The modular design of the AR-15 rifle creates a great platform for customization. You can make anything from a rimfire plinker to a long-range precision rifle and it's possible to build countless variations of everything in between. One of the most important parts of any rifle is the sighting system and scopes are a popular accessory for precision shooting. There are many types and features to consider when choosing a scope and some aspects that are unique to the AR platform. When you choose a scope for your setup you want to make sure you have the right tool for the job. Let's take a look at some common AR-15 loadouts and the optic considerations for each one. Our first rifle is the general-purpose carbine. This style gun is built for near to mid-range distances so with the 16 inch 5.56 barrel and a short stock its accessorized to be light and quick-handling. If you're building a rifle like this where targets will likely be between 25 to 300 meters, there's no need for a high magnification optic. In fact, a low fixed power scope with fast target acquisition is perfect for this type of general use carbine. The one we have installed here is a prism scope with a color and brightness selectable reticle to help with target acquisition. A prism scope is compact rugged and perfect for the usage this rifle will see. Note that when installing a lower magnification optic on a rifle with fixed front sights you may need to install a riser mount to clear the front sight.

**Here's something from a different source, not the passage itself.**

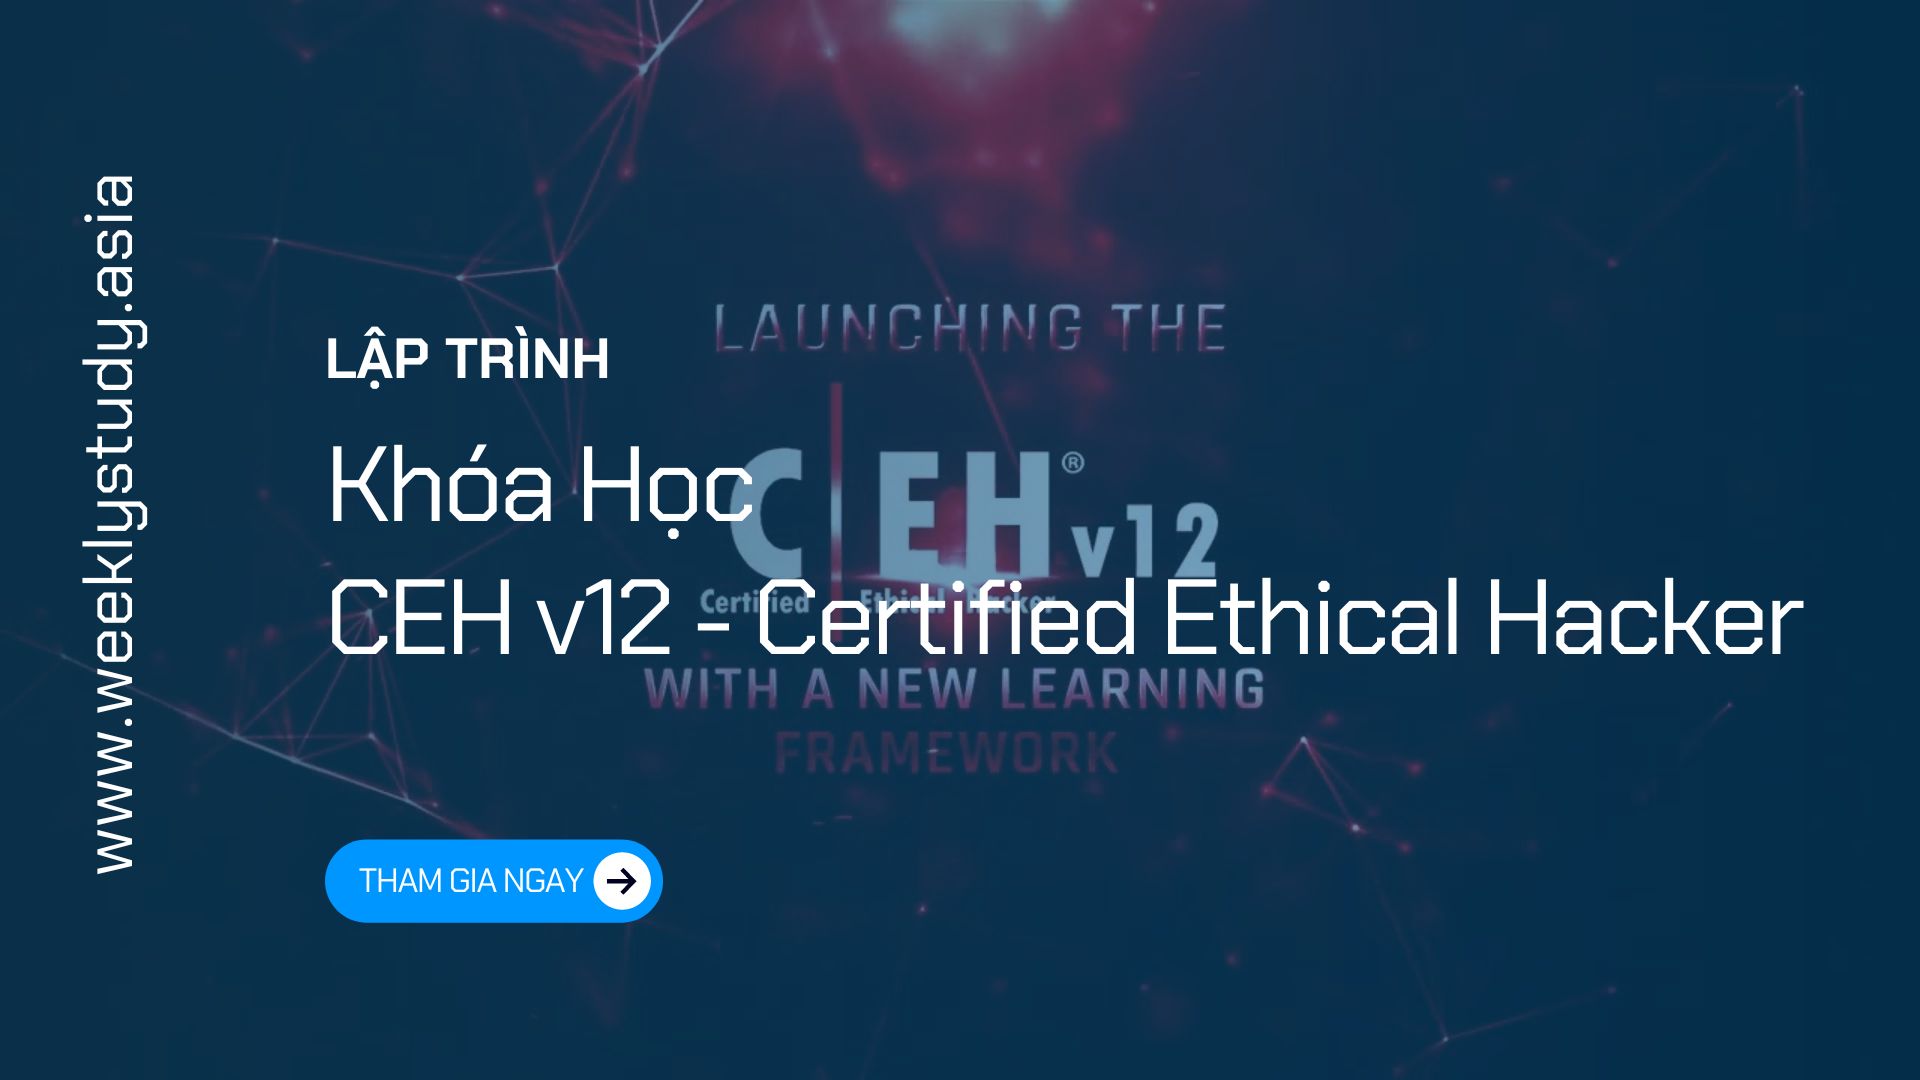 khoa-hoc-ceh-v12-certified-ethical-hacker-ma-7642a
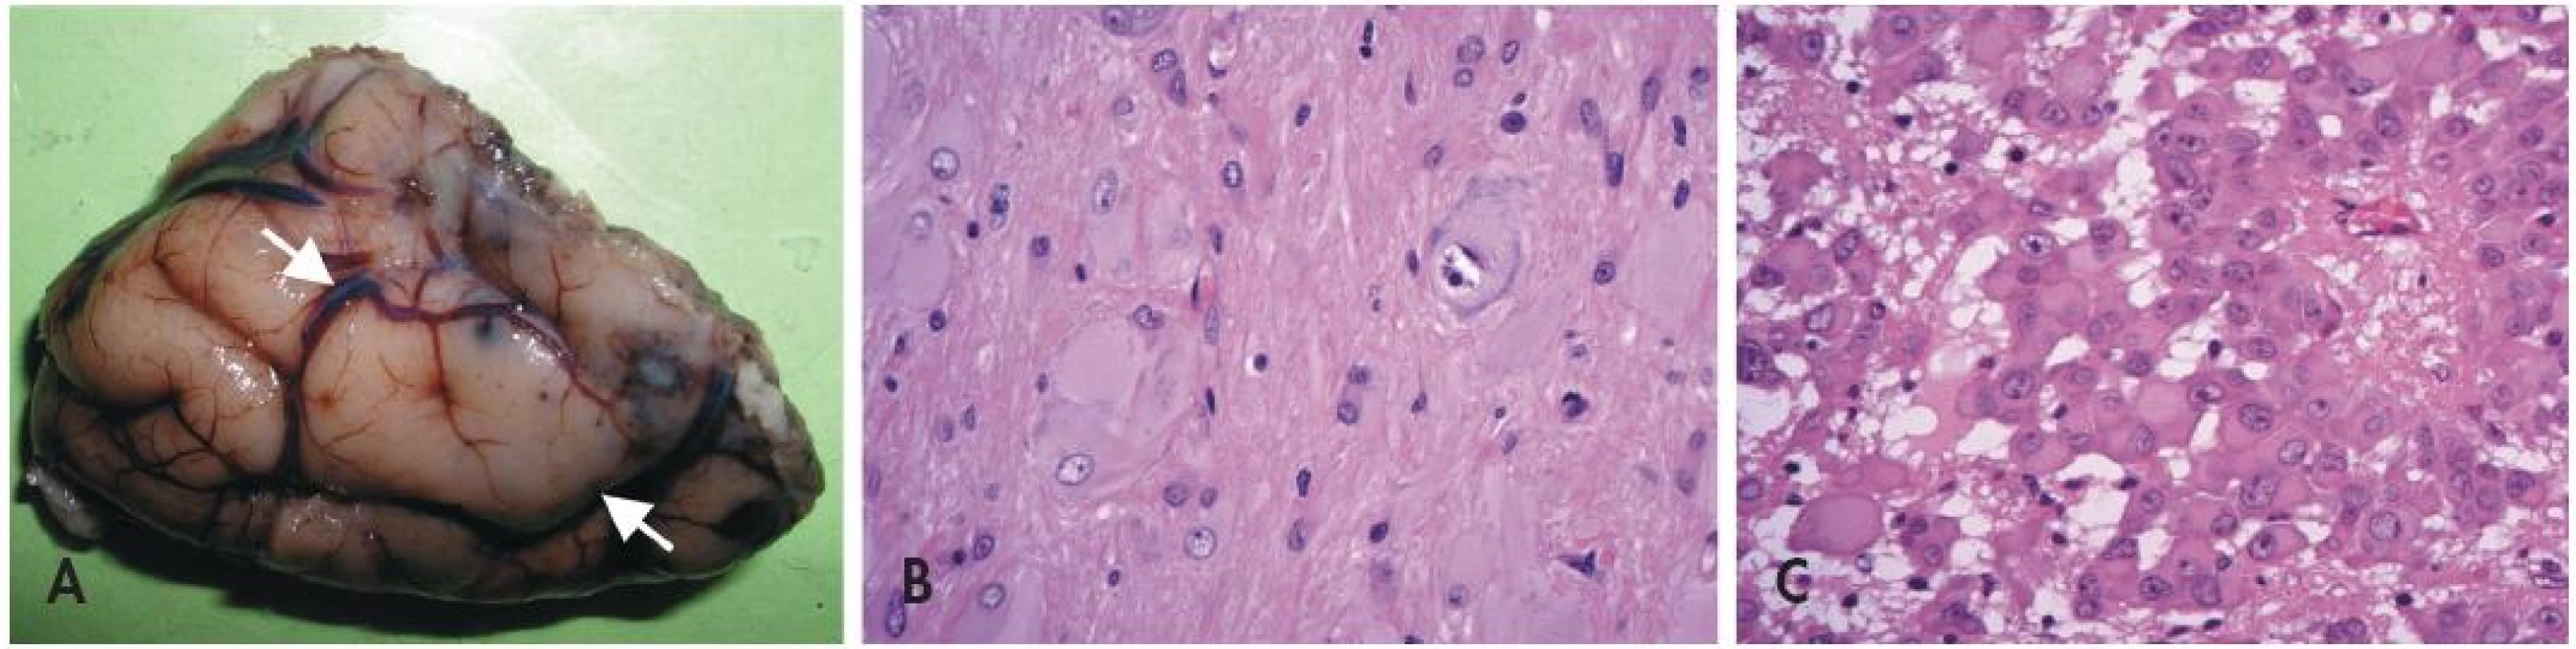 Tuberózní skleróza. Oblast korového tuberu imponuje makroskopicky jako tužší oploštělá oblast s poruchou gyrifikace (A). Pro kortikální tuber je mikroskopicky charakteristická přítomnost jednak obrovských dysmorfních neuronů, jednak bizarních buněk s obšírnou eozinofilní cytoplazmou (B). Subependymální obrovskobuněčný astrocytom (SEGA)(C) je benigní nádor rostoucí ve stěně laterálních komor mozku. Je tvořený atypickými velkými astrocyty epiteloidního vzhledu s bohatou eozinofilní cytoplazmou.

Our second gun sports an 18-inch heavy barrel and is chambered in 308. the style AR is tuned for accuracy and is intended for recreational target use off of a table or shooting rest. If you have a rifle like this that doesn't need to be carried around constantly you can use a bigger scope with higher magnification but there are a couple things to keep in mind when using a larger scope like this. first mounting a high magnification scope can become a problem when you set it up for proper eye relief, where a shorter optic can be easily set for word on the receiver you can see the extra length on a scope like this means it needs special mounts to offset it for good eye relief. the second issue when using a larger scope is the diameter of the objective lens. The objective lens is the one that faces the target and a higher magnification scope usually has a larger lens. You'll need to choose mounts that are high enough to prevent the objective end of the scope from touching the handguard but also low enough to provide a good sight picture. different optics may require low, medium, or tall mounts depending on how high the scope needs to sit above the rail.
Our third rifle was designed to be used for hunting game under 150 yards it's a 16 inch carbine chambered in 300 blackout and was designed with short-range shooting in mind. The polymer lower receiver, lightened barrel, wide sling, and smaller fixed power scope create a lightweight package that's easy to carry around for long periods of time. If you're sporting a rifle like this to be carried for hunting use, one of your top priorities should be low weight. Carrying extra weight adds to fatigue as the day goes on so if you're on a spot-and-stalk hunting trip you'll want to choose the lightest scope that matches both the capabilities of your AR's caliber and the ranges you expect to be hunting at. Versatility is also important when considering an optic for hunting. A variable magnification scope will allow you to adjust your sight picture for targets at different distances without removing your eye from the scope.
To wrap-up when choosing a scope for your rifle you want to consider the magnification length height and weight of your optic when matching it to your specific purpose. The AR platform allows for easy customization and you may want to try different scopes with features like first focal plane magnification or illuminated mil dot and range-finding reticles.